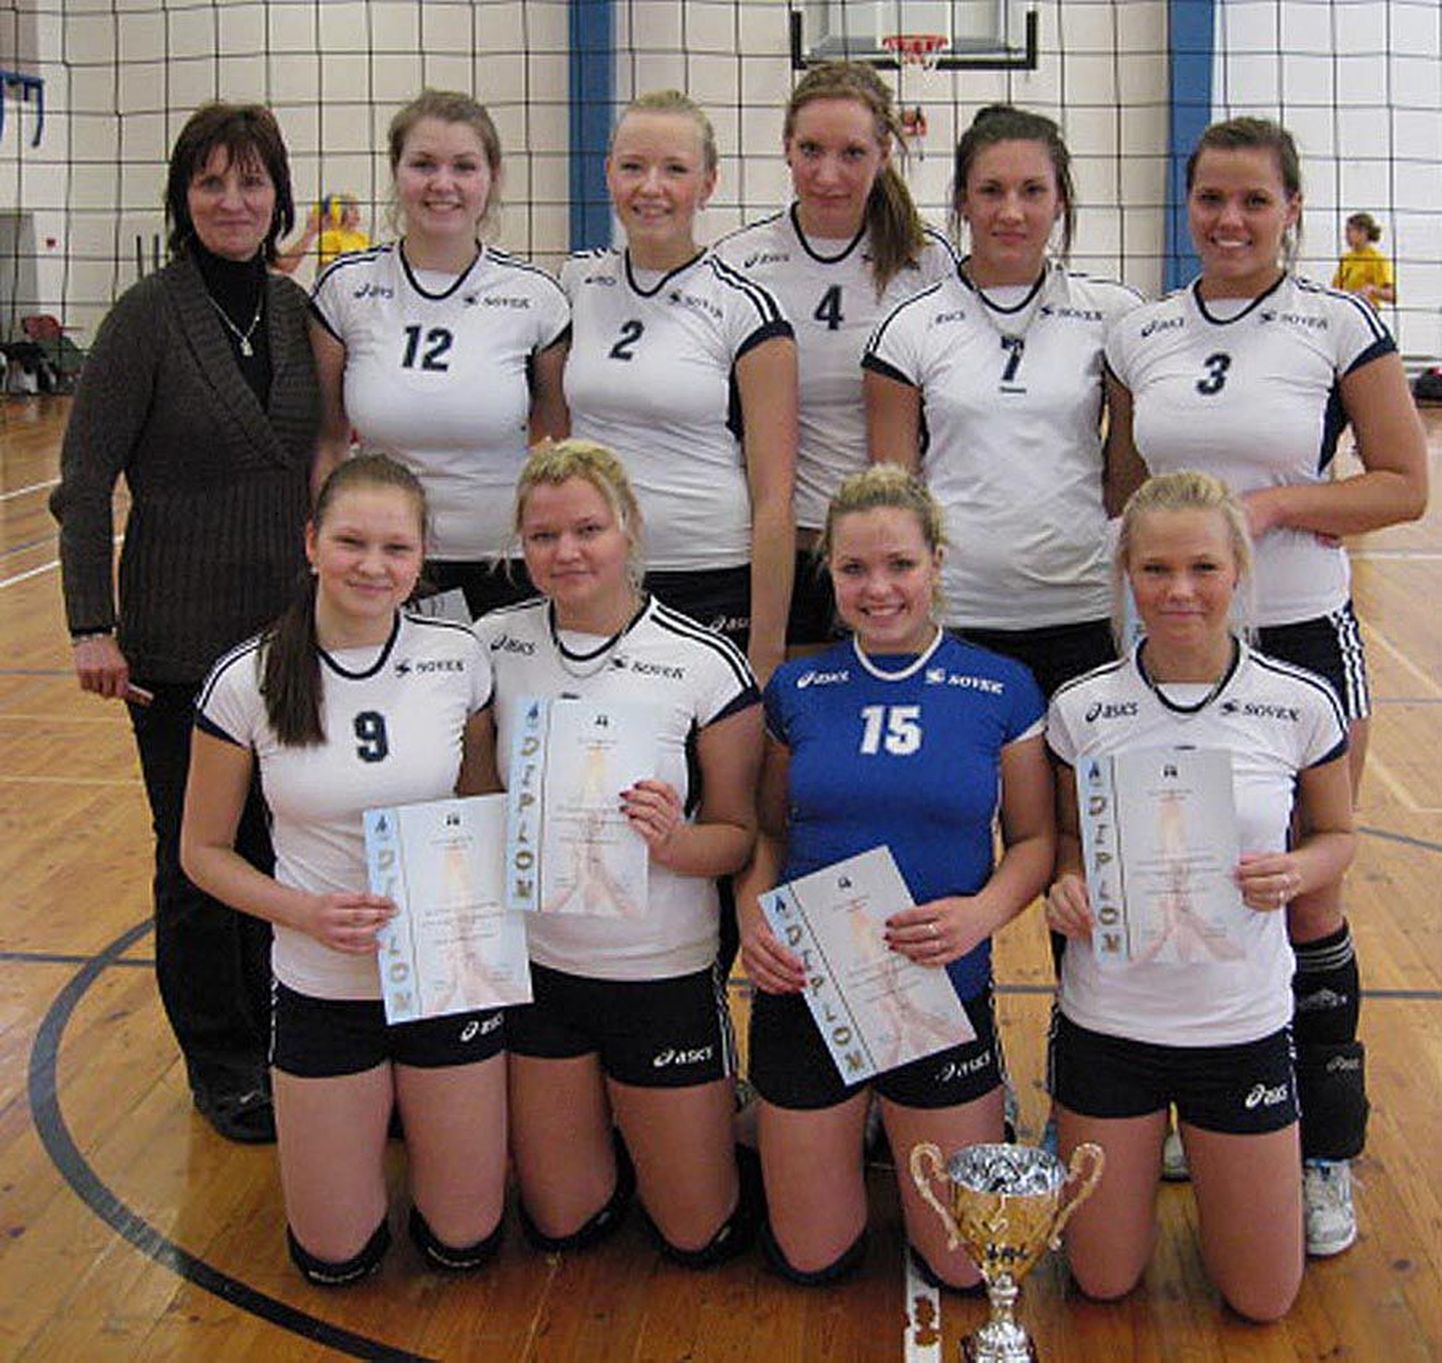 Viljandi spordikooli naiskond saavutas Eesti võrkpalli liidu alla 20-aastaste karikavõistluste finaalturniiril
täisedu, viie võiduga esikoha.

--

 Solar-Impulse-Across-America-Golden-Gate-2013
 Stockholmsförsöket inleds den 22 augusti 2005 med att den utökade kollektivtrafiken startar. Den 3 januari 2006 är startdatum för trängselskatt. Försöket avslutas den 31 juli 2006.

> **PROBLEM DESCRIPTION**
Beginning with the line above that contains "Viljandi spordikooli naiskond" and ending with the line that contains "täisedu, viie võiduga esikoha.", quote each line exactly, keeping out the pictures.

> **EXERCISE SOLUTION**
 Viljandi spordikooli naiskond saavutas Eesti võrkpalli liidu alla 20-aastaste karikavõistluste finaalturniiril
täisedu, viie võiduga esikoha.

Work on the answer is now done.